Records from a dataset

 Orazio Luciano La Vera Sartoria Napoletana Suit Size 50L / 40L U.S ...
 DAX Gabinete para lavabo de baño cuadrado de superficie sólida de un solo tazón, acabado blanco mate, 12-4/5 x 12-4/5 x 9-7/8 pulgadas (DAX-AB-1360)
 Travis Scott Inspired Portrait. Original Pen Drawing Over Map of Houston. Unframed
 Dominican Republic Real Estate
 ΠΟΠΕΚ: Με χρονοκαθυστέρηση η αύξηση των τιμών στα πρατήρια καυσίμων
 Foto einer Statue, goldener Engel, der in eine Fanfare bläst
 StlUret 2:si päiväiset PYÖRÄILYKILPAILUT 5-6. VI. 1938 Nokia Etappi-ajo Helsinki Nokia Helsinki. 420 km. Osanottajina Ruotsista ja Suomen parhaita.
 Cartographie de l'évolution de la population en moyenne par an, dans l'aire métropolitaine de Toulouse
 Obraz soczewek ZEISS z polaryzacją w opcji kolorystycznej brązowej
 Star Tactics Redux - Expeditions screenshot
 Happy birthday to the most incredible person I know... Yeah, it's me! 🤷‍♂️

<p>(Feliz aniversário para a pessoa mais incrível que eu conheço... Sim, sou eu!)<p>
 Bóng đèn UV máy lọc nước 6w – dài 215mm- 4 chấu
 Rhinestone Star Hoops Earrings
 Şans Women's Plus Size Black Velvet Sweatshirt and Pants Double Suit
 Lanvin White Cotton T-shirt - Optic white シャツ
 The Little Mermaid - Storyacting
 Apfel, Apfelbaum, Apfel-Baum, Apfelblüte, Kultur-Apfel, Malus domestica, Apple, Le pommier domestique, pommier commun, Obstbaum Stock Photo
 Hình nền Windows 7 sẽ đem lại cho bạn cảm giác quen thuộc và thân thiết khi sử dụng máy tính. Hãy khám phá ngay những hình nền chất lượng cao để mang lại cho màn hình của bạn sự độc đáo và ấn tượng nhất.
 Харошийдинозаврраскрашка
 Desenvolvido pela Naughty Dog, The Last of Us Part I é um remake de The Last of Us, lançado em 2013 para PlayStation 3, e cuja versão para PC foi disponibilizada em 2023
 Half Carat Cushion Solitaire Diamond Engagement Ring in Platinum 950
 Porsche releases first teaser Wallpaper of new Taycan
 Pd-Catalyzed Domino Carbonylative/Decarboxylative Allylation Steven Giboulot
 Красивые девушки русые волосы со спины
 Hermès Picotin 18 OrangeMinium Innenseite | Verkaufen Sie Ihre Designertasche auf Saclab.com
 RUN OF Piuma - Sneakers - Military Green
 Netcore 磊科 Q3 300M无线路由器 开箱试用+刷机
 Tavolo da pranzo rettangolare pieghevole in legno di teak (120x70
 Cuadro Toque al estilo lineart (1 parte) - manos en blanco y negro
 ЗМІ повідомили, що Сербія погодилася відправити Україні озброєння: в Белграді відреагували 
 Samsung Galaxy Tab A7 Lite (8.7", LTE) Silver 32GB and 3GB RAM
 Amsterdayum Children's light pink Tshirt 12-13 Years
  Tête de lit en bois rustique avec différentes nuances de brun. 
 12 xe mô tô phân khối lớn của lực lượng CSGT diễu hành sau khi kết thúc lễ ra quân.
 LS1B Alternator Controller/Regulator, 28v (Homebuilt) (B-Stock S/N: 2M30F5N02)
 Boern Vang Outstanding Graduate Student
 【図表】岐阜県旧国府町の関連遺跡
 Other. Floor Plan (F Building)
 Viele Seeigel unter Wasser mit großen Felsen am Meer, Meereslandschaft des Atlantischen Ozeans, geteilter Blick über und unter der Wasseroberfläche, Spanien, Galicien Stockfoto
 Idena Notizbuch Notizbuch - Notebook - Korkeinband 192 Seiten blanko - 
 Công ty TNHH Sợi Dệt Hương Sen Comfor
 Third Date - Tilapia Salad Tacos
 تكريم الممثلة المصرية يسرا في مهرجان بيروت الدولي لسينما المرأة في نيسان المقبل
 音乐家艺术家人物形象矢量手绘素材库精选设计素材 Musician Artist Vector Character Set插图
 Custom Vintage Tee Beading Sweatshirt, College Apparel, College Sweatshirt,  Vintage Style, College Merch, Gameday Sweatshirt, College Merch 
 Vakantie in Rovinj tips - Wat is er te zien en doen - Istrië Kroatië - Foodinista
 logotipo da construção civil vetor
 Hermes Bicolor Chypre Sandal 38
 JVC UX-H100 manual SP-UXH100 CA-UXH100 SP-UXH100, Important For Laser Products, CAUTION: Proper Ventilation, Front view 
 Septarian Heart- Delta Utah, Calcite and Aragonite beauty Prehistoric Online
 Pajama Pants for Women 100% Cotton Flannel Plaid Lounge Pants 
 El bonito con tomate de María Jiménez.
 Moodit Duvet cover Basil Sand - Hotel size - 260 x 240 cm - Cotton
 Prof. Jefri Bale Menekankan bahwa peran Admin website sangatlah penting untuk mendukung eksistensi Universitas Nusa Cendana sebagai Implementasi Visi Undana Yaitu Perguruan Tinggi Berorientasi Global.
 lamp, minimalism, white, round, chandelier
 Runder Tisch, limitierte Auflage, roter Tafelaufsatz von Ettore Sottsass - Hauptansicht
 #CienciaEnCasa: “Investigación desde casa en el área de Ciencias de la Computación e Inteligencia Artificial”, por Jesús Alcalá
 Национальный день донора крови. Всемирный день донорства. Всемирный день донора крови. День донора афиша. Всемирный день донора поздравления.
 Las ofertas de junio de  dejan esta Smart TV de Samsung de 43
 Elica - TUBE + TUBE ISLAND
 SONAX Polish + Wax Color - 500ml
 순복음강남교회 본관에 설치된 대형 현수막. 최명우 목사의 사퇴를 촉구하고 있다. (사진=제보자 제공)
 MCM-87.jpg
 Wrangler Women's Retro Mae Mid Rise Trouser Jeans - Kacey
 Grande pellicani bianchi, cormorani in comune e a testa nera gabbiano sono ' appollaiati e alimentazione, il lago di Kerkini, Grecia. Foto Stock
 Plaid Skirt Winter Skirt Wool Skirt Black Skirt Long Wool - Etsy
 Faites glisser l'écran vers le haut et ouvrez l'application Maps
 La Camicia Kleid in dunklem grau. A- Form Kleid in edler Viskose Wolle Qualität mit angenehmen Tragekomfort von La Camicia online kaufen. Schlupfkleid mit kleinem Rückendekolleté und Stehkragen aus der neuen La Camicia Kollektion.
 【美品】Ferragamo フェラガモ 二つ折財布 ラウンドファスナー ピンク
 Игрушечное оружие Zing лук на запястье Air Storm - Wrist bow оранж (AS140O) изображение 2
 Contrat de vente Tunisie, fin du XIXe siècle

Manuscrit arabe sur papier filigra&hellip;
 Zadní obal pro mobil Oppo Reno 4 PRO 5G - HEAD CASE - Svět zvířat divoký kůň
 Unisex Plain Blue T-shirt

Exercise goal: For this exercise, please output exactly the lines above starting at the line with "DAX Gabinete para" and ending at the line with "Apfel, Apfelbaum, Apfel-Baum, Apfelblüte, Kultur-Apfel, Malus", ends included.

Answer to this problem:
 DAX Gabinete para lavabo de baño cuadrado de superficie sólida de un solo tazón, acabado blanco mate, 12-4/5 x 12-4/5 x 9-7/8 pulgadas (DAX-AB-1360)
 Travis Scott Inspired Portrait. Original Pen Drawing Over Map of Houston. Unframed
 Dominican Republic Real Estate
 ΠΟΠΕΚ: Με χρονοκαθυστέρηση η αύξηση των τιμών στα πρατήρια καυσίμων
 Foto einer Statue, goldener Engel, der in eine Fanfare bläst
 StlUret 2:si päiväiset PYÖRÄILYKILPAILUT 5-6. VI. 1938 Nokia Etappi-ajo Helsinki Nokia Helsinki. 420 km. Osanottajina Ruotsista ja Suomen parhaita.
 Cartographie de l'évolution de la population en moyenne par an, dans l'aire métropolitaine de Toulouse
 Obraz soczewek ZEISS z polaryzacją w opcji kolorystycznej brązowej
 Star Tactics Redux - Expeditions screenshot
 Happy birthday to the most incredible person I know... Yeah, it's me! 🤷‍♂️

<p>(Feliz aniversário para a pessoa mais incrível que eu conheço... Sim, sou eu!)<p>
 Bóng đèn UV máy lọc nước 6w – dài 215mm- 4 chấu
 Rhinestone Star Hoops Earrings
 Şans Women's Plus Size Black Velvet Sweatshirt and Pants Double Suit
 Lanvin White Cotton T-shirt - Optic white シャツ
 The Little Mermaid - Storyacting
 Apfel, Apfelbaum, Apfel-Baum, Apfelblüte, Kultur-Apfel, Malus domestica, Apple, Le pommier domestique, pommier commun, Obstbaum Stock Photo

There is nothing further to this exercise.